Generic Machine Learning Orchestration Framework by Xeptagon

Aug 08

In the current software industry, the use of machine learning models can be seen in many use cases. Data Scientists, Data Engineers, and Software Engineers from a variety of technical backgrounds implement these machine learning models with different technologies such as TensorFlow, PyTorch, Python, R etc. Most of the developers start their development on a notebook as a prototype and further enhance the model with the obtained results

However, when it comes to production deployment of these models there are multiple challenges that the developers will face, such as issues with scalability, availability, fault tolerance, model management, reusability etc. Data scientist or Data Engineers who don’t have prior experience in Software Architecture and DevOps technologies it will be a bigger challenge and time consuming. Various cloud solution providers such as AWS Sagemaker, Azure Synapse Analytics and Google Cloud Datalab identify this problem and offering few cloud services. However, these solutions still have many limitations in addition to the vendor lock-in with the cloud service provider.

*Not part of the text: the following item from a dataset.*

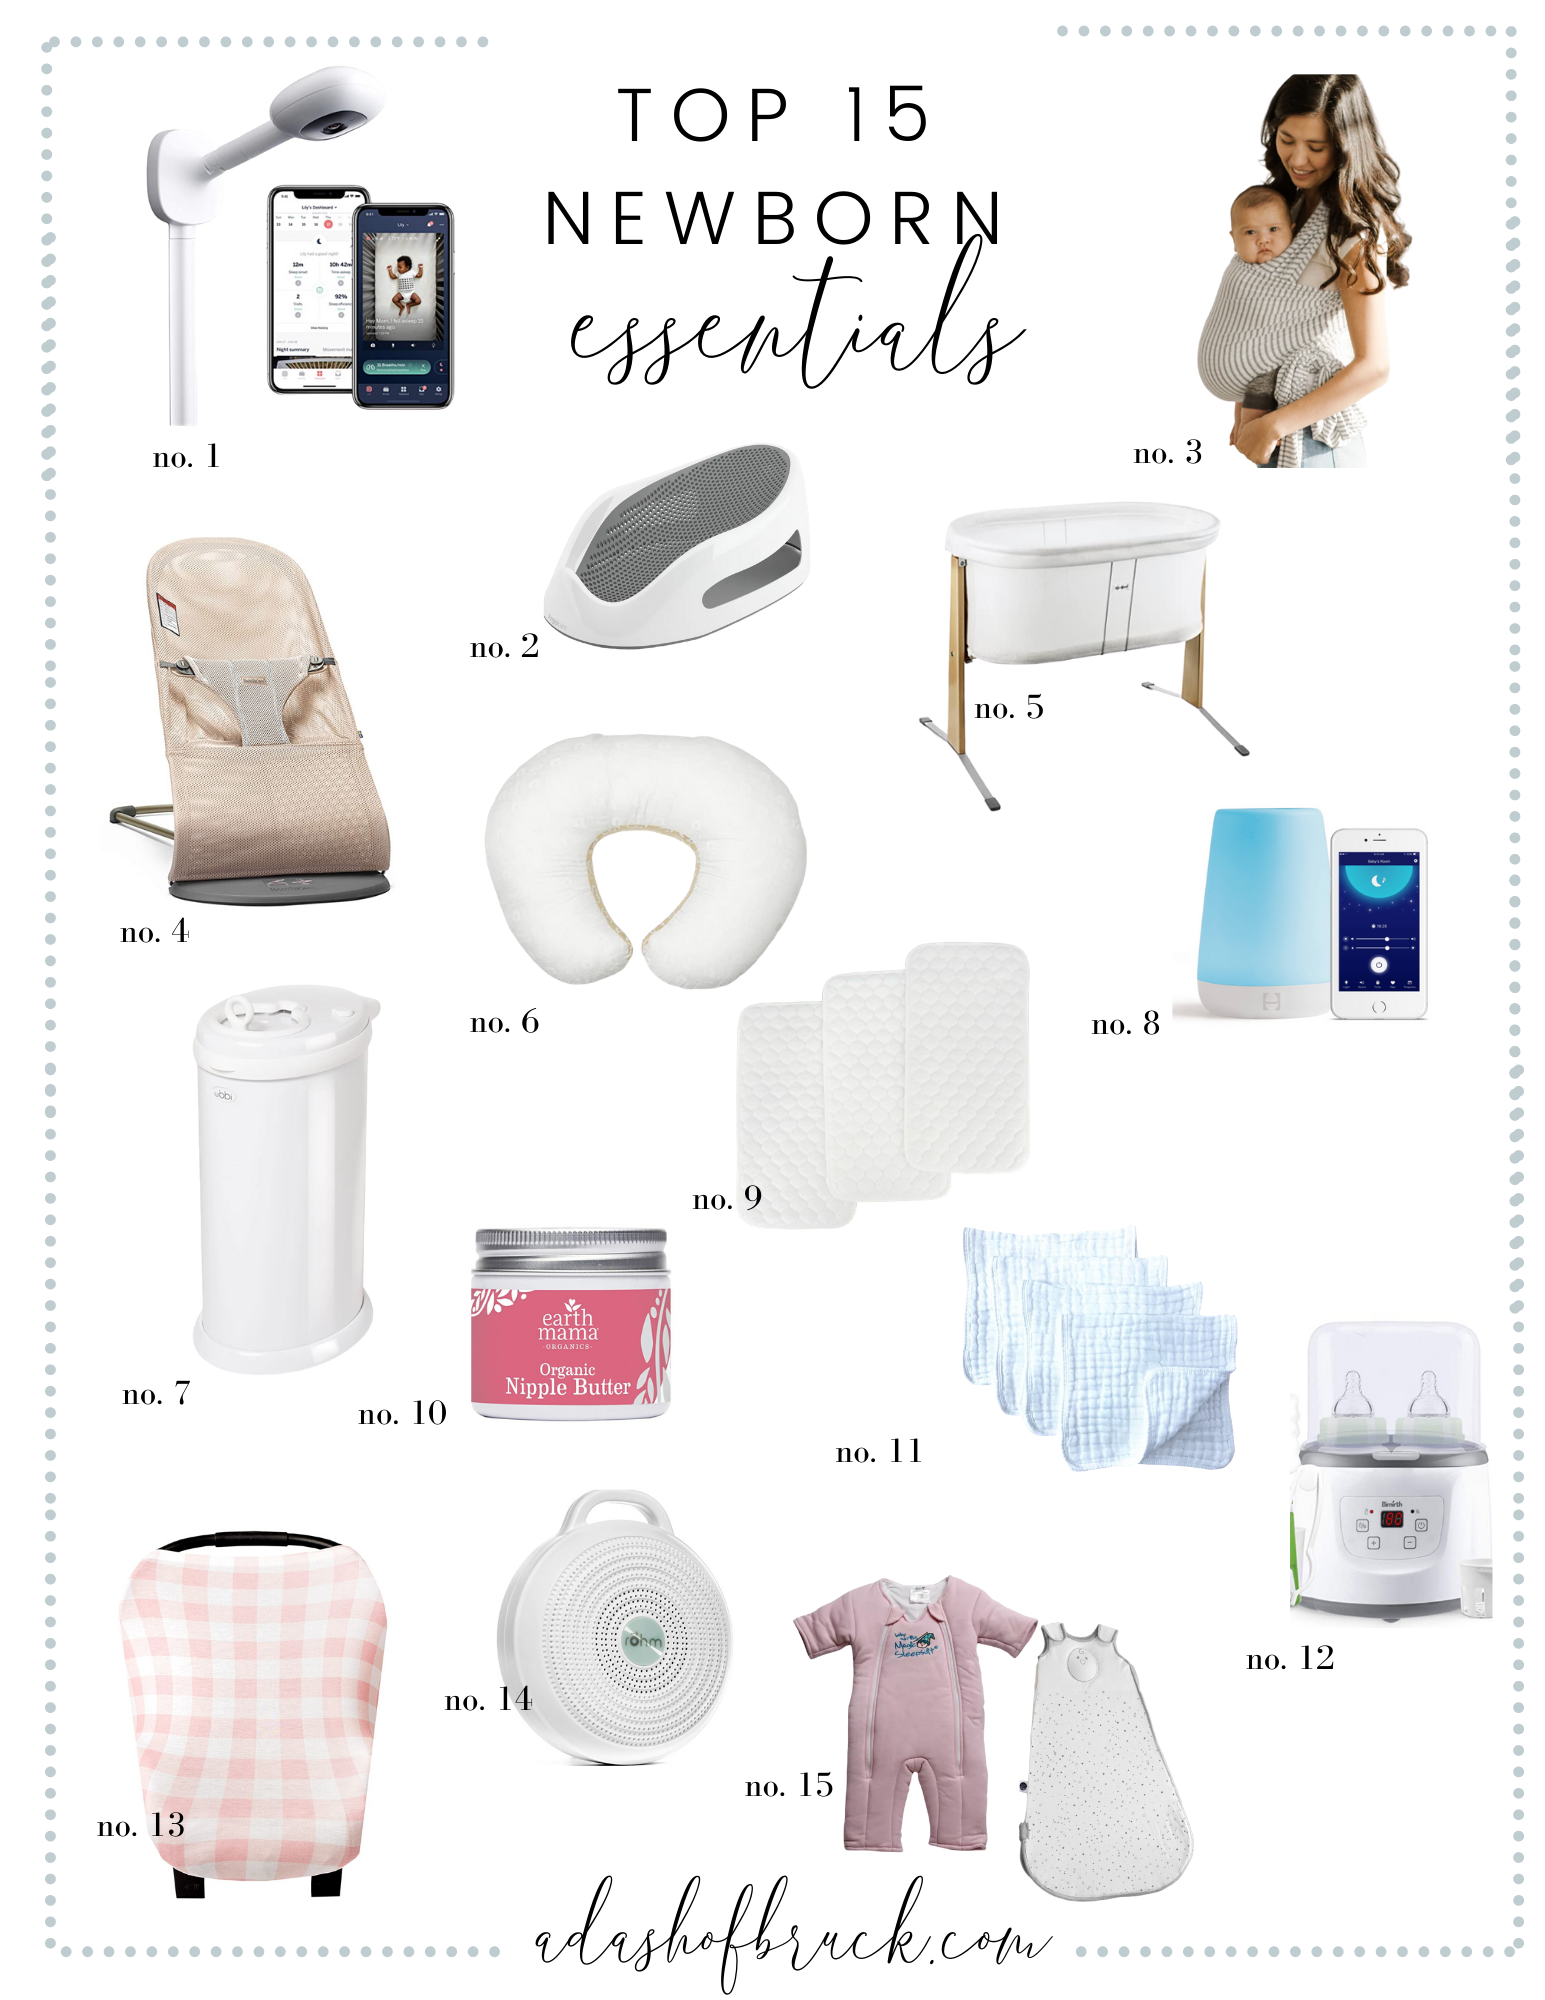 Baby Essentials That Are OK to Buy Used
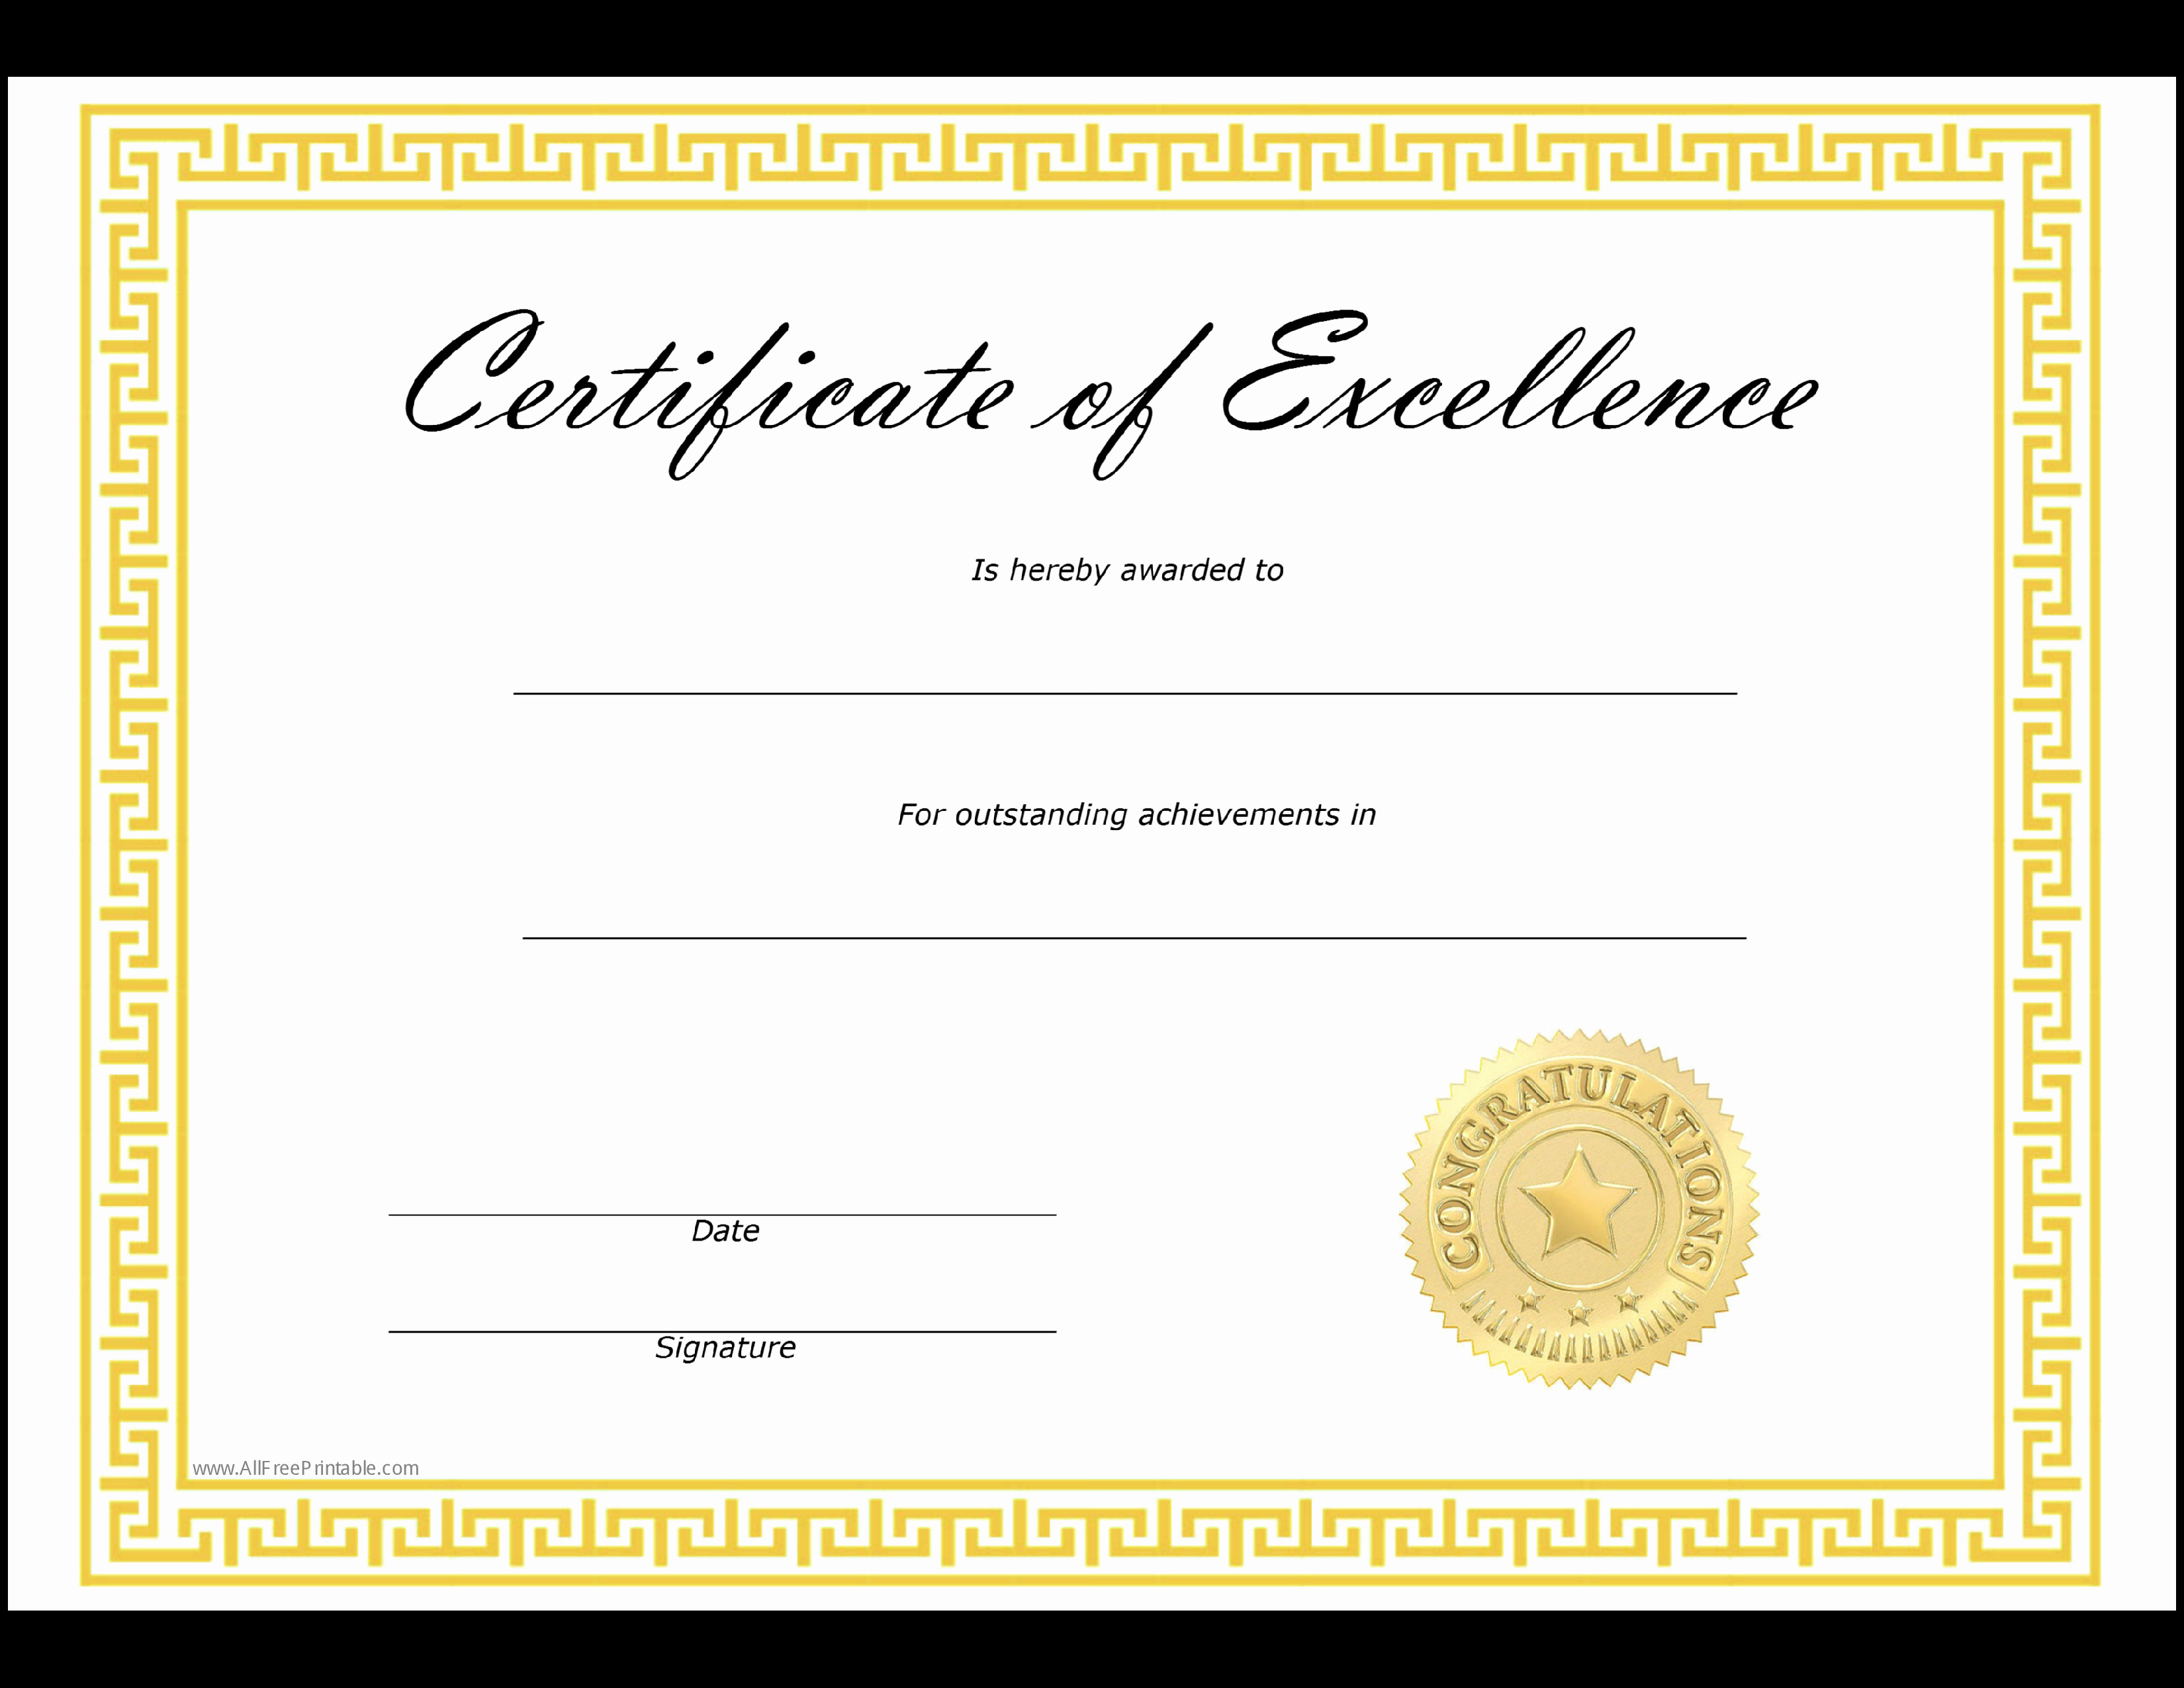 Certificate Of Excellence Template Fresh Free Certificate Of Excellence

Considering these limitations, Xeptagon designed and developed a cloud platform independent generic machine learning orchestration framework as a solution. Our framework is based on Python, FastAPI, Docker, Terraform, GitHub Actions and Kubernetes. The framework was developed to deploy machine learning models of an inter-governmental organization.

To start with, we defined a generic interface for the machine learning models. All the models need to implement this interface for the management service to manage the models in a generic way. In addition, the model developer can add any extra endpoints specific to the model. So the system has a generic management Swagger API and independent model Swagger APIs. Further, the models can be configured to run as an independent service or run in a shared service along with other models in the cluster. The model management service performs any global update as well as query actions on the models using the interface endpoints.

The system architecture of the framework is given below.


Model scalability, fault tolerance and availability were achieved by the capabilities in the Kubernetes. For scalability, we used two types of Autoscalers.

The model service instances shared common storage for datasets, with dynamic file updates visible to all the peer instances

  • Horizontal Pod Autoscaler - Scale the number of pod replicas based on the pod resource utilizations (CPU, Memory)
  • Cluster Autoscaler - Scale the number of nodes in the cluster based on the node resource utilization. Both are configured for minimum and maximum limits.

Once all the existing models are ported and deployed with our framework, the next challenge is on adding new models to the cluster. The framework was designed in a manner where model developers can deploy new models with minimal steps via a script included in the framework which will support basic Kubernetes parameter configurability. Once the script is executed successfully, it will update the Kubernetes scripts with the new model. Once the developer updates the code repository (GitHub in our case), the repository CI/CD process will deploy the new model into the cluster automatically. The framework can also be modified with custom requirements. For example, the framework was included with auto log processing pipelines for the cluster that will generate new datasets to run another model in the system.

Our blog post provides a summary of the overall framework developed by Xeptagon for an inter-governmental organization to run multiple machine learning models at a scale.